The problem I am having is that the queries started to take a lot more time than they used to. Going from a few minutes to a few hours. I profiled the inserts and this is the charts I got:

Speed of each insert (in sec) vs. Number of insert for that day: Speed of each insert (in sec) vs. Number of insert for that day

A few strange facts:

  1. Most queries take less than 2 ms to execute
  2. The speed of slow queries increases linearly with the number of rows in the table for that date
  3. This behavior only happens at night, after a bunch of processes have happened on the database.

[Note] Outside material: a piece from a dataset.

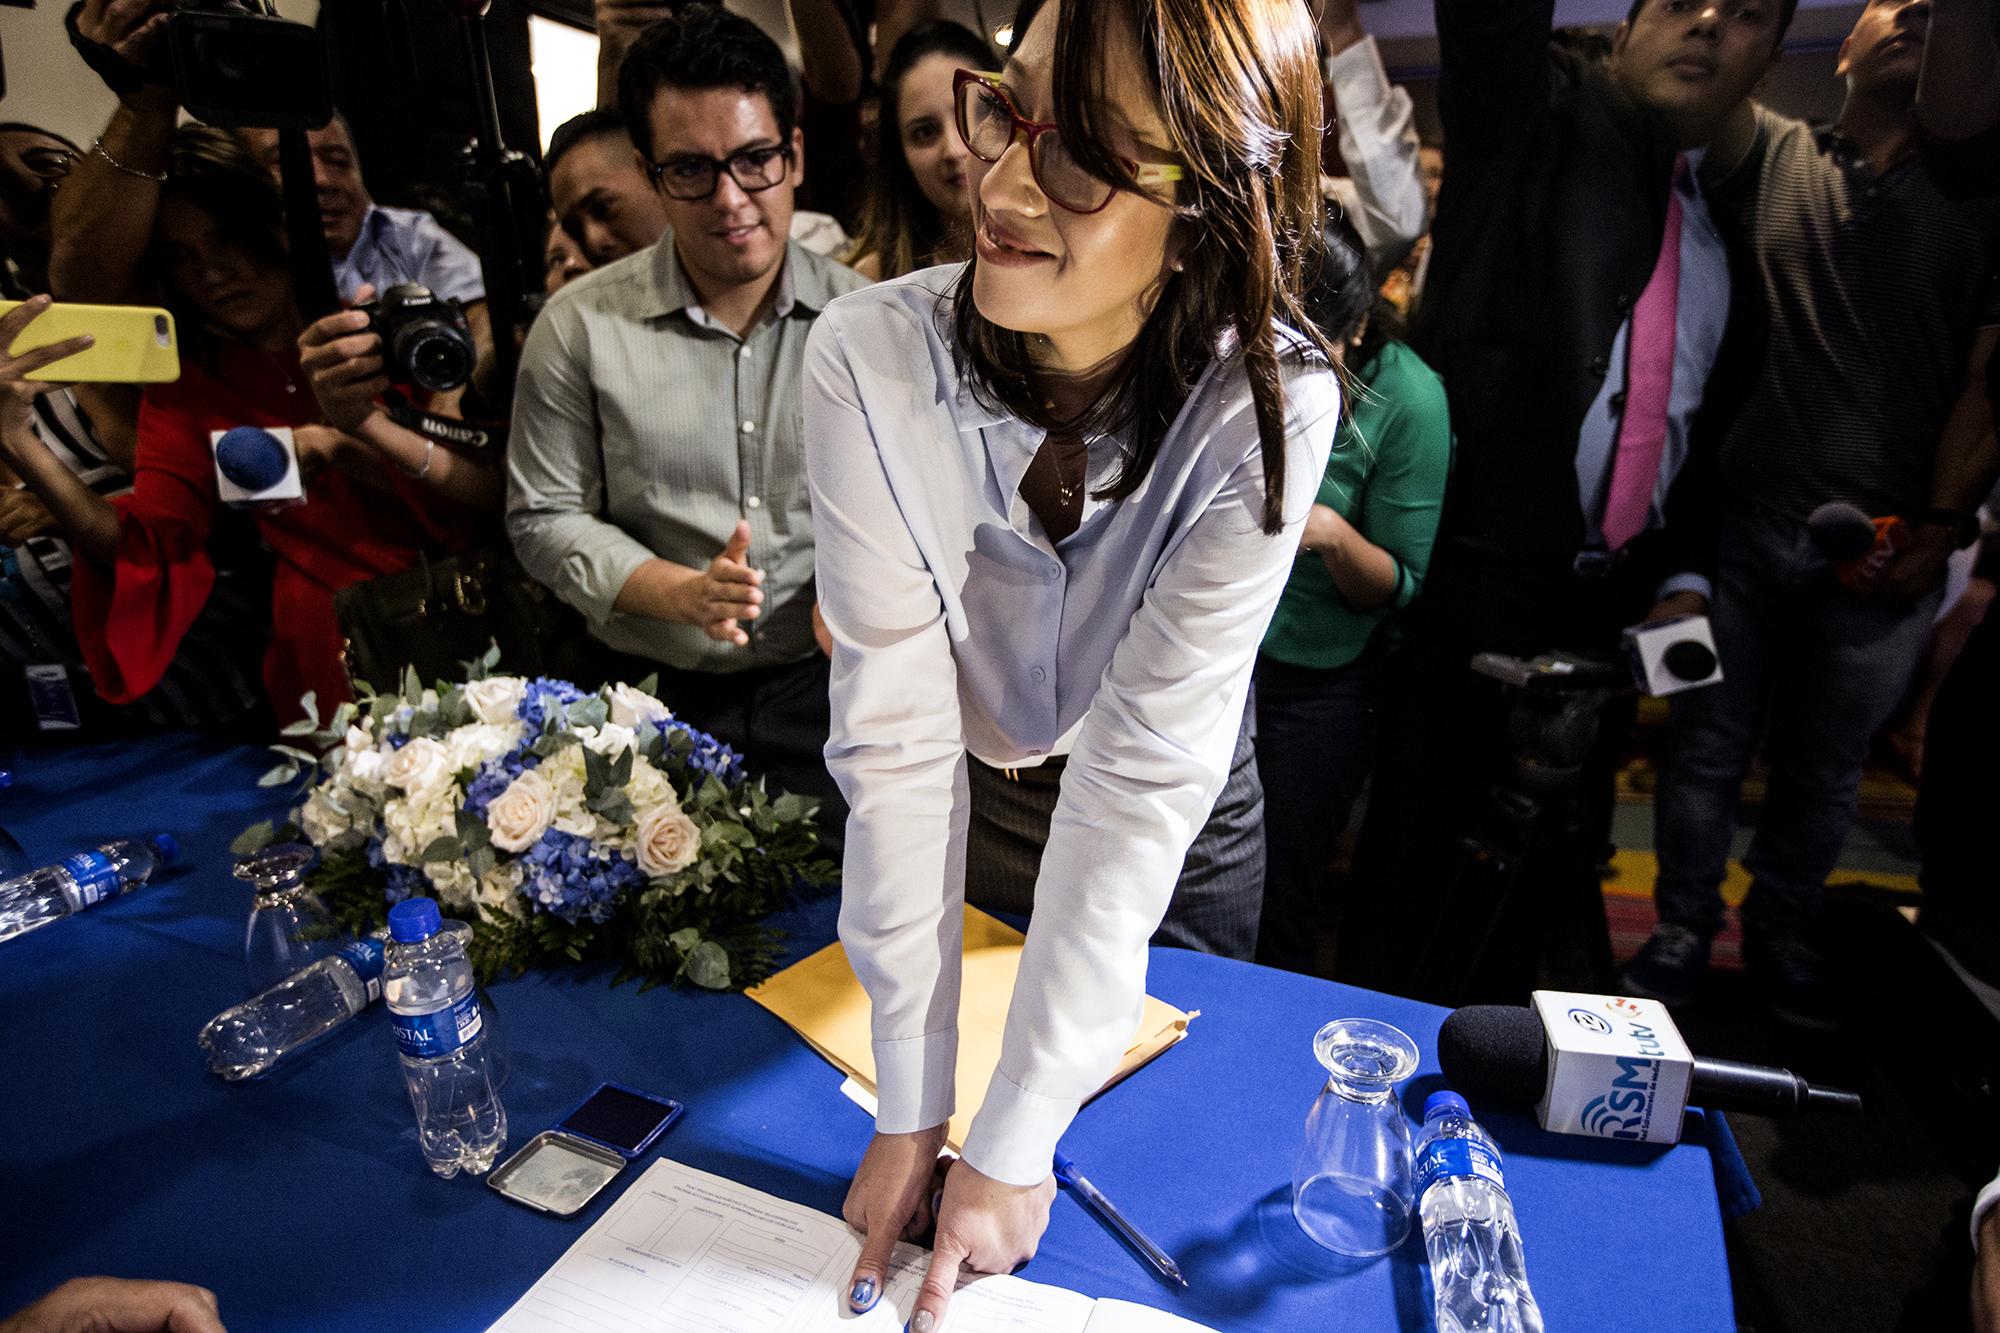 La economista Carmen Aída Lazo se inscribió en el PCN para participar en las elecciones presidenciales del 2019 como candidata a vicepresidente en la coalición ARENA, PCN, DS y PDC. Foto Fred Ramos.

Inserting during the day is fast, so is weekends
  4. The overall speed doesn't depend on what else is running on the database, in fact, nothing else is running on the database when this happens
  5. There is nothing in the query that can explain that a query is fast or no, the fast ones are very similar to the slow one, and from one day to another are not the same set.
  6. the behavior does not change from one day to the next.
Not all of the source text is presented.